**Exercise objective**
Copy task, pictures excluded: set down exactly the lines from the one containing "Eine Schneeschuhwandererin hält" to the end of the data below.

START Information supplied

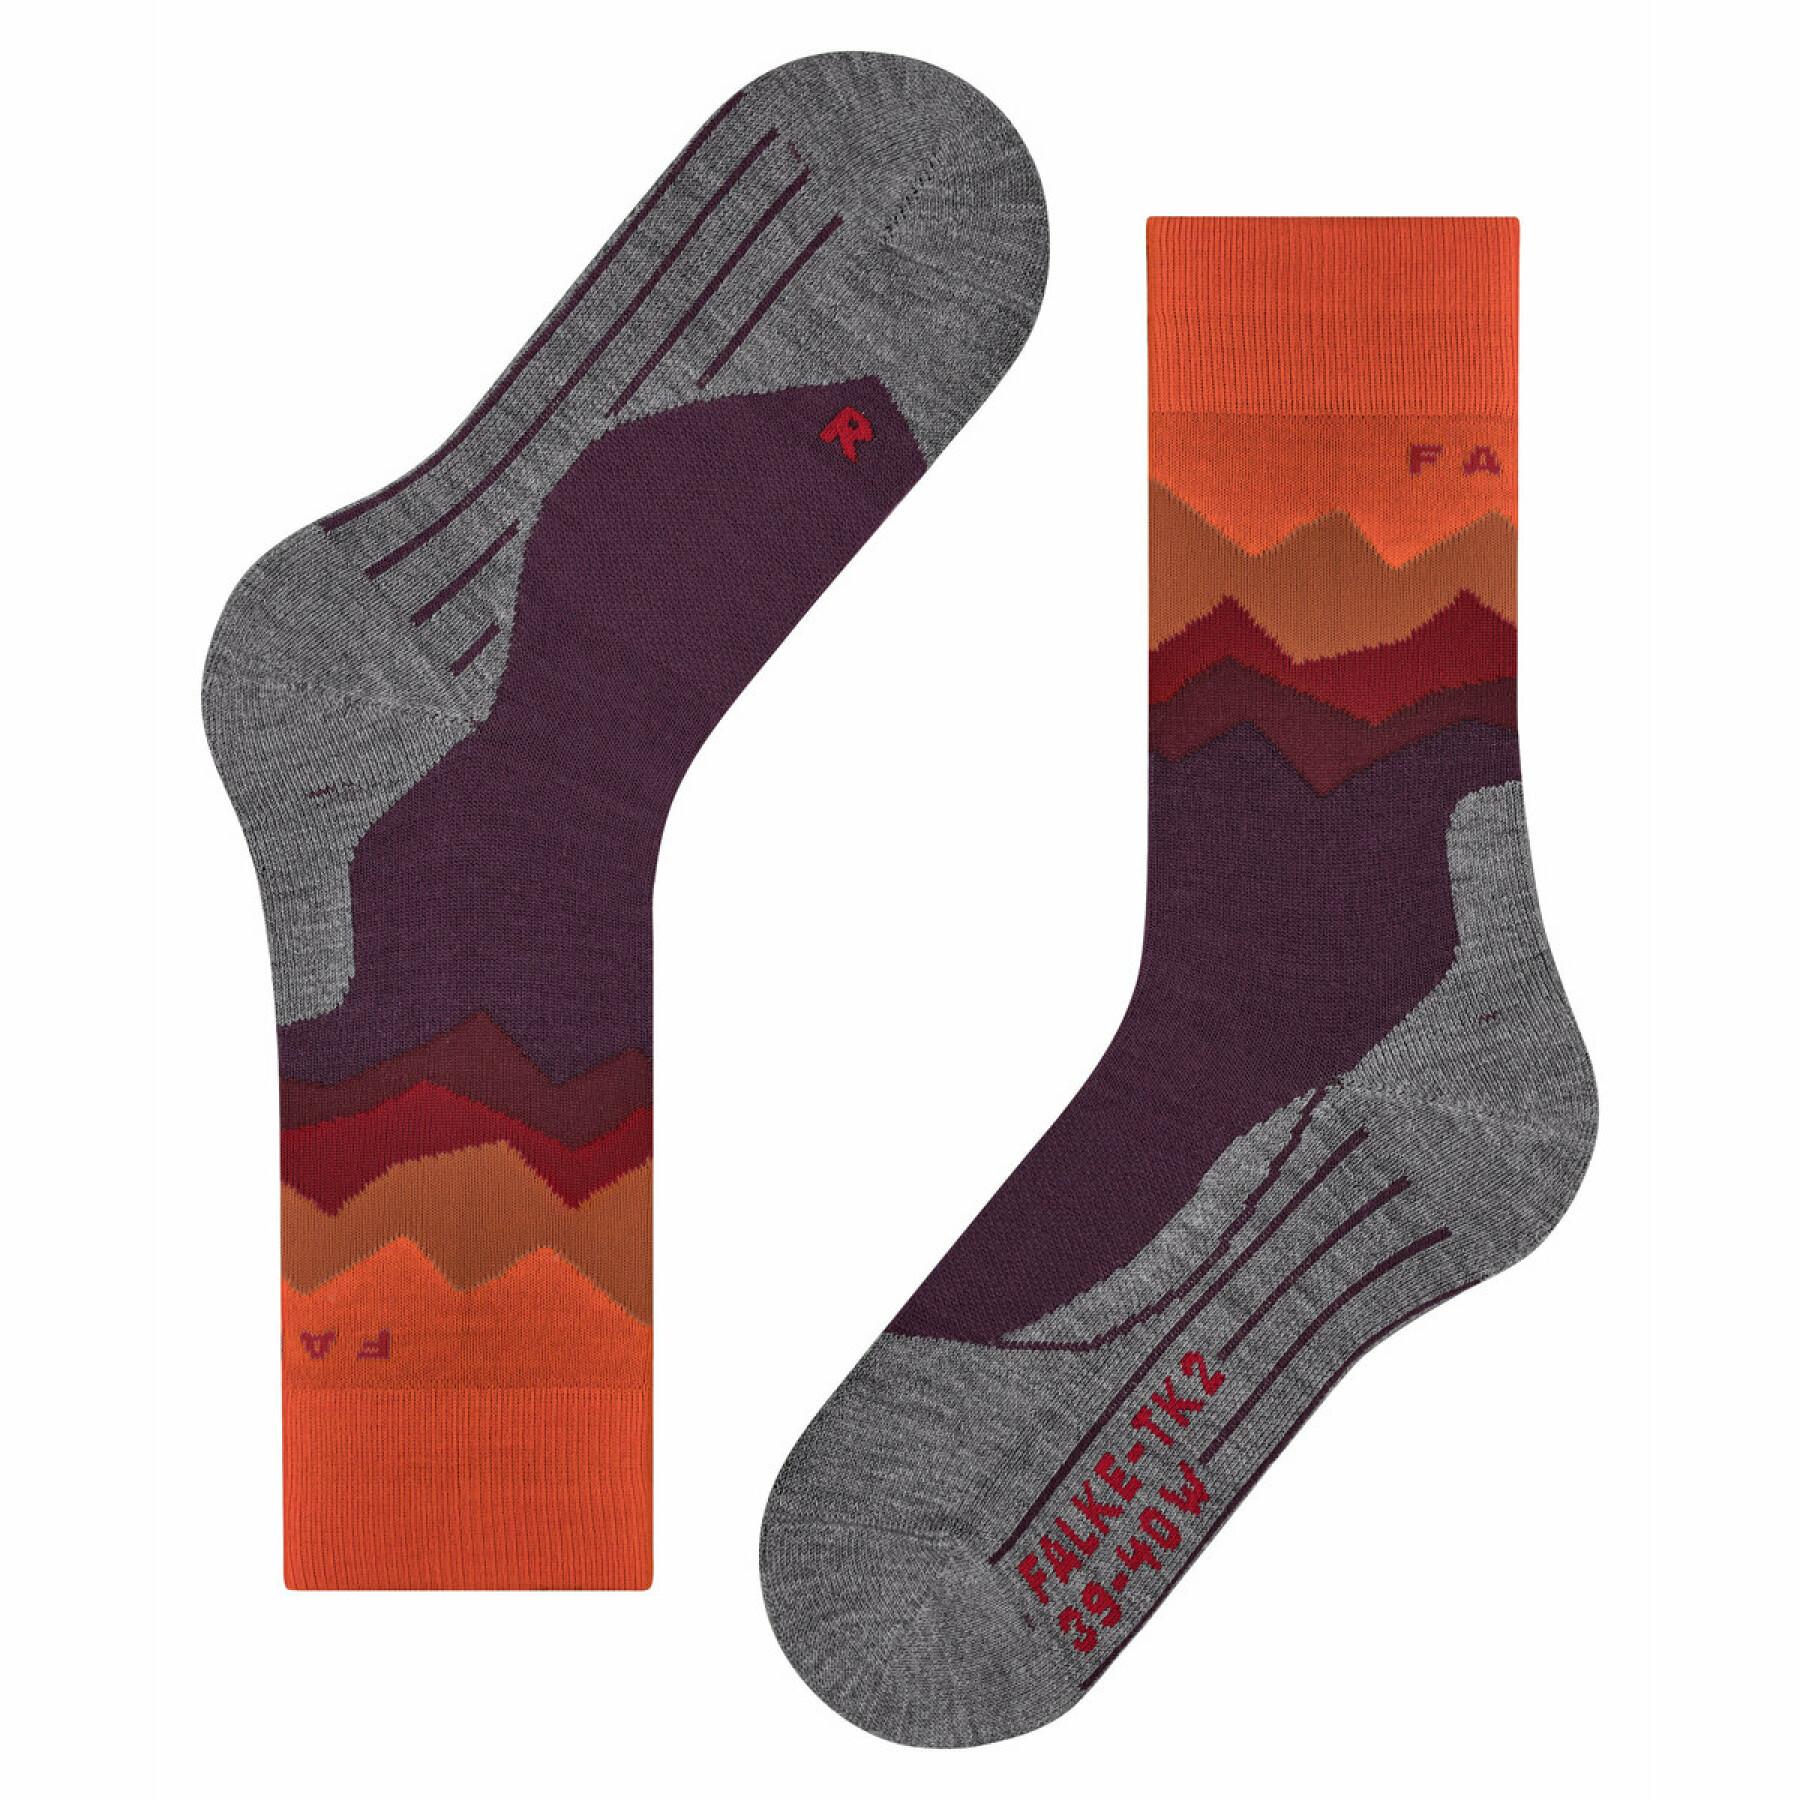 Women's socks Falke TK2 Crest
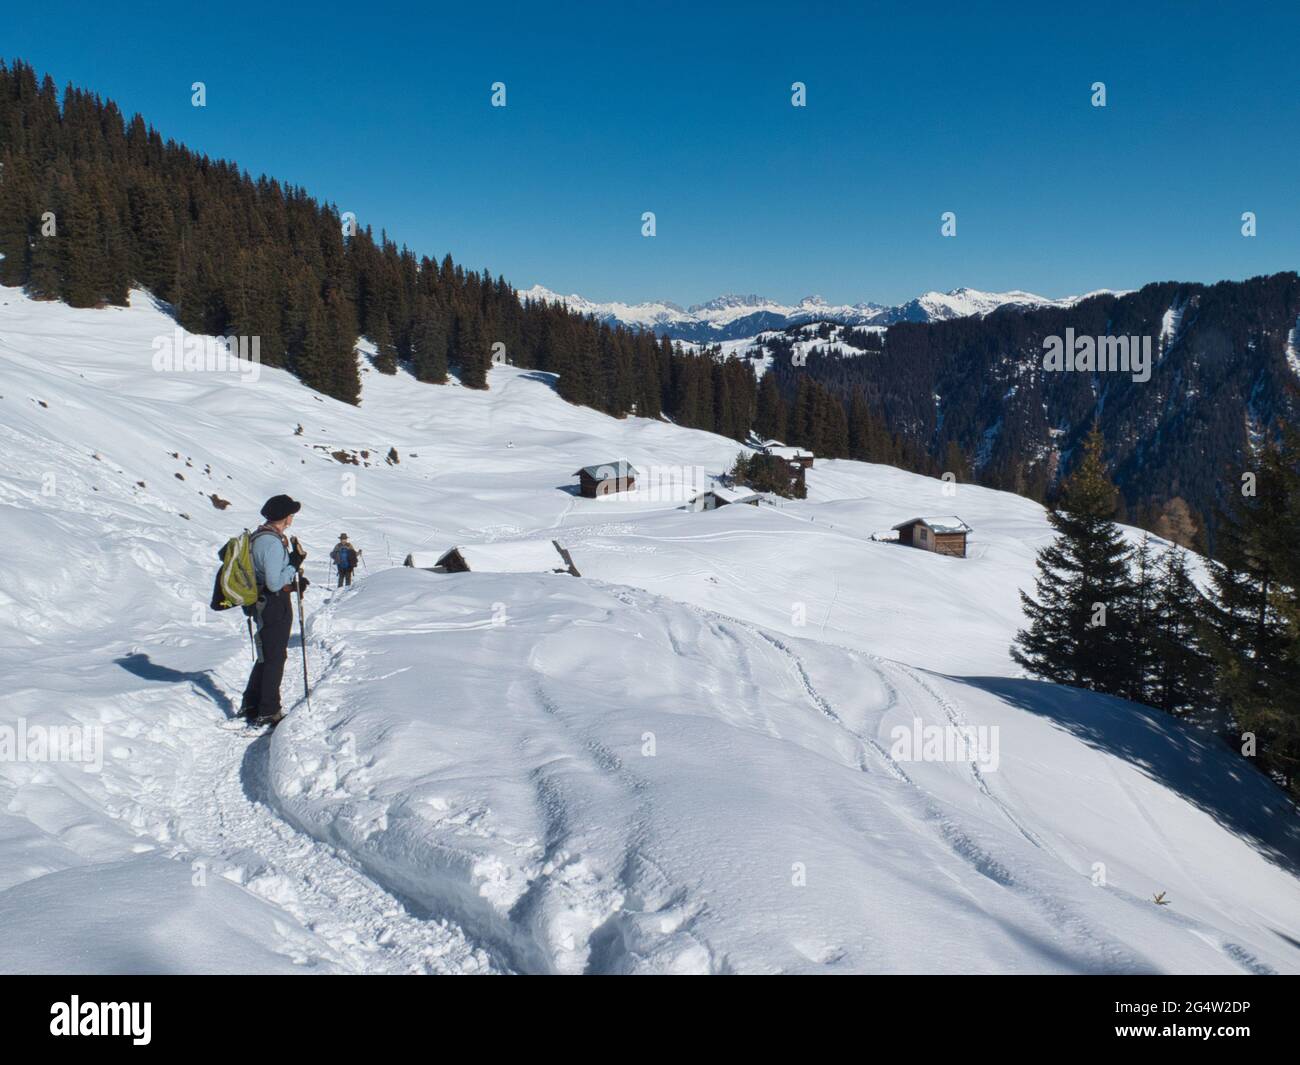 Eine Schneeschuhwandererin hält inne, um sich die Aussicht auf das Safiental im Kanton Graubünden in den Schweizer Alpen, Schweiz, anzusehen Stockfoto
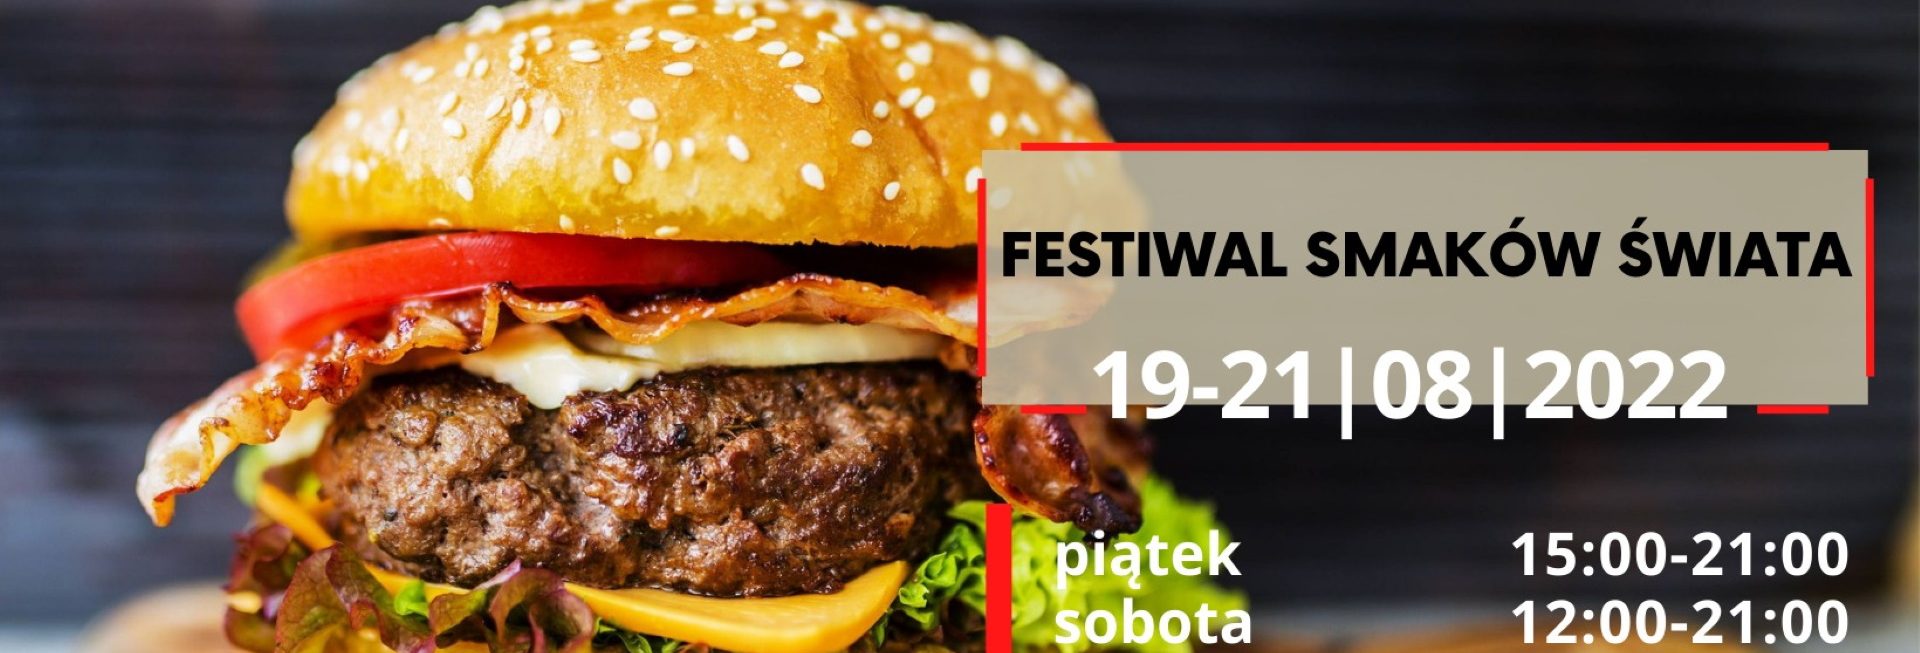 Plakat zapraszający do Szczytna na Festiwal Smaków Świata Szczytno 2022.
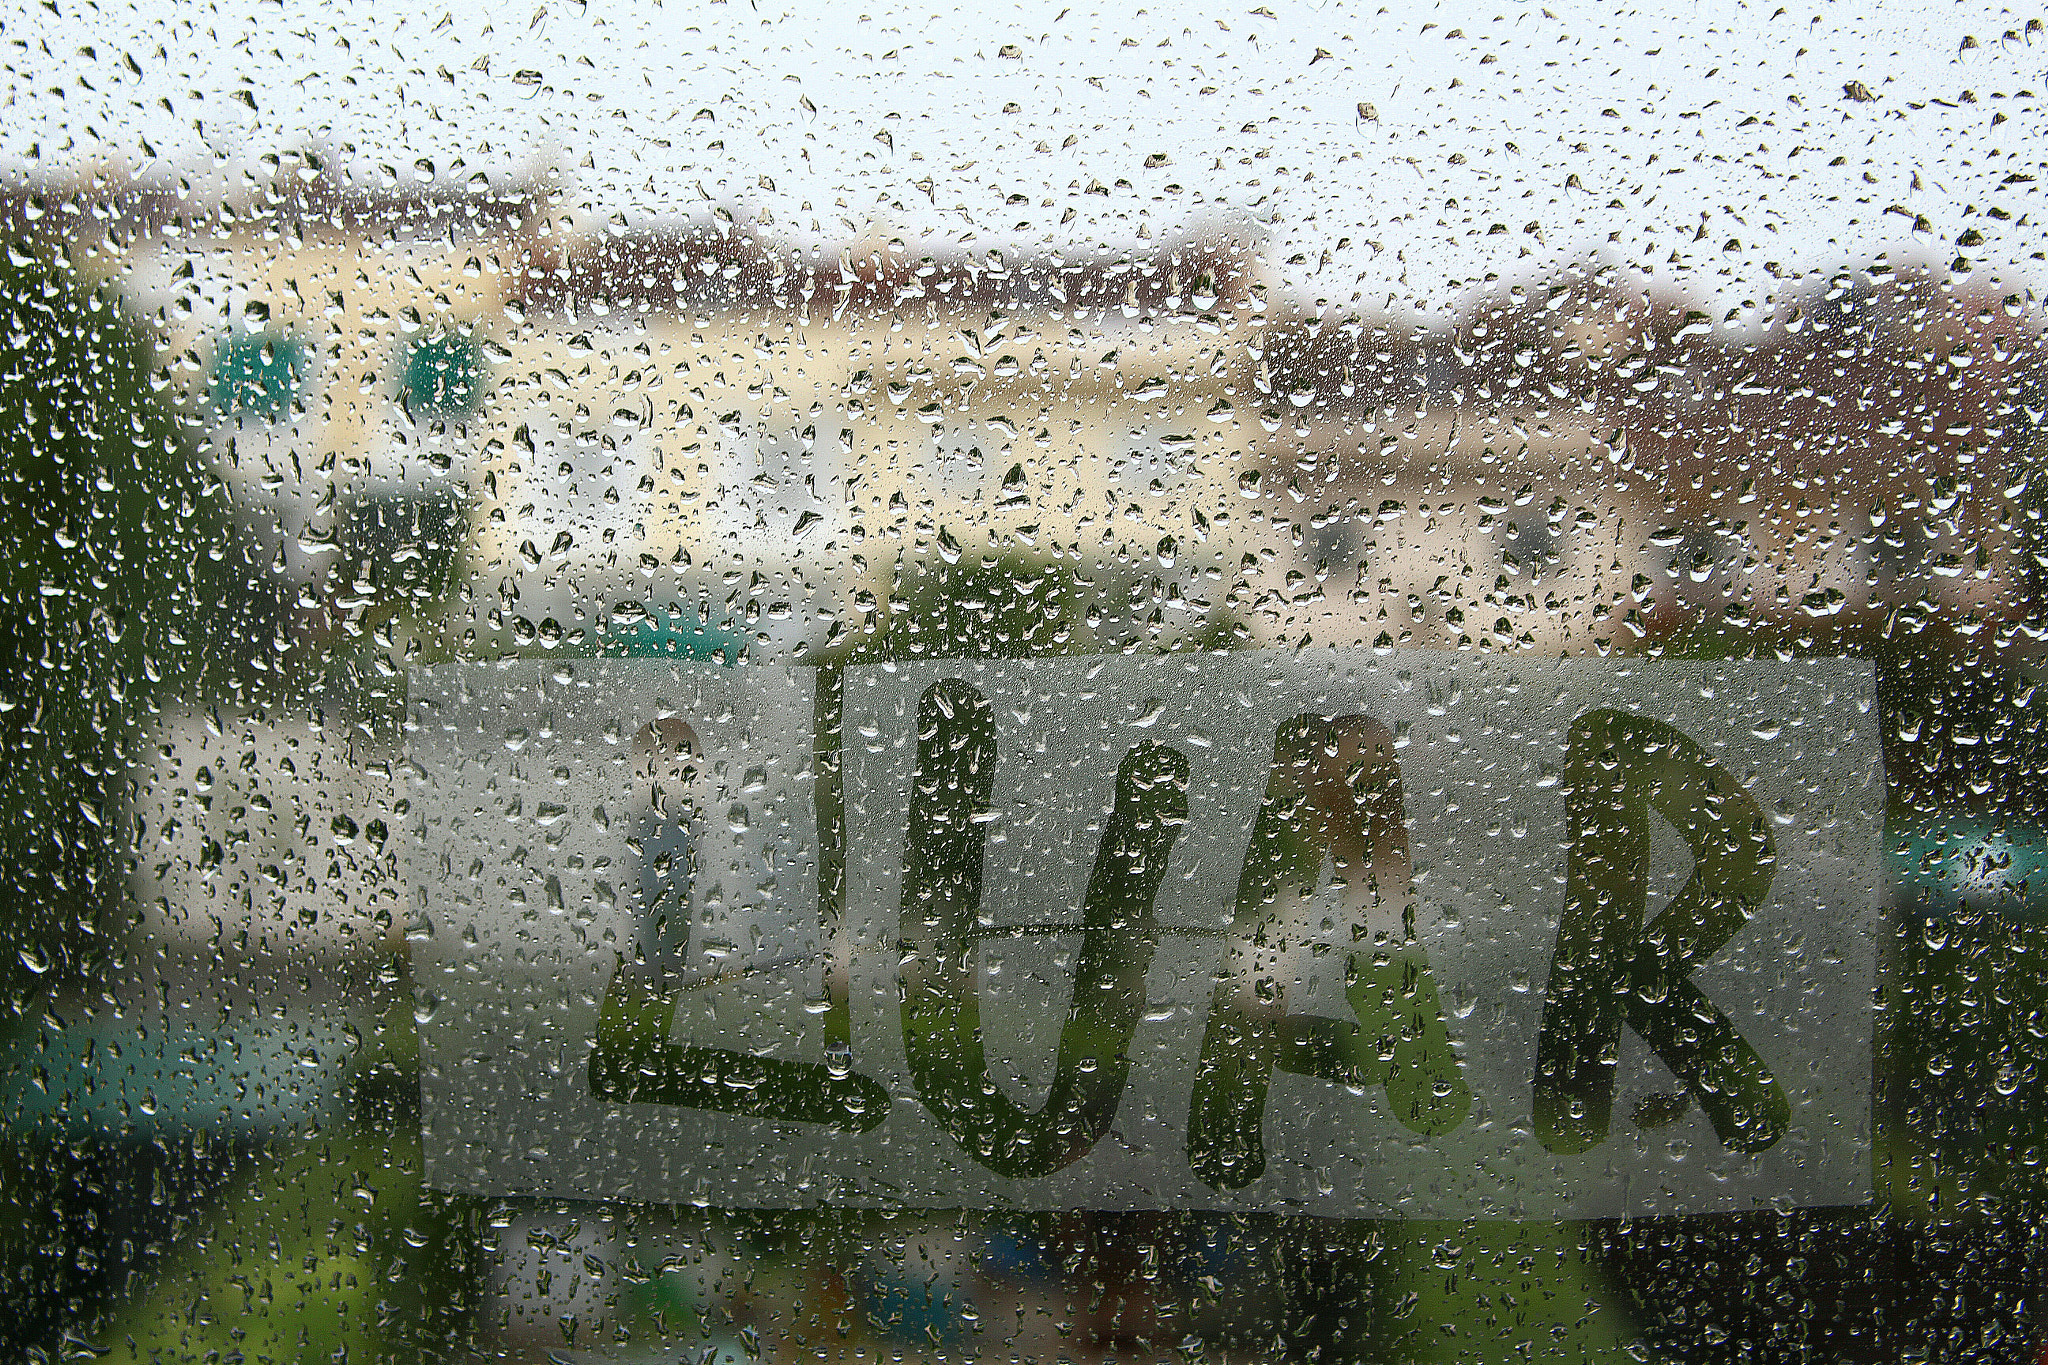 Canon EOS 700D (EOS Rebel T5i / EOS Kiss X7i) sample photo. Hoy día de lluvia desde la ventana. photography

END Information supplied

**Completed task**
 Eine Schneeschuhwandererin hält inne, um sich die Aussicht auf das Safiental im Kanton Graubünden in den Schweizer Alpen, Schweiz, anzusehen Stockfoto
 Plakat zapraszający do Szczytna na Festiwal Smaków Świata Szczytno 2022.
 Canon EOS 700D (EOS Rebel T5i / EOS Kiss X7i) sample photo. Hoy día de lluvia desde la ventana. photography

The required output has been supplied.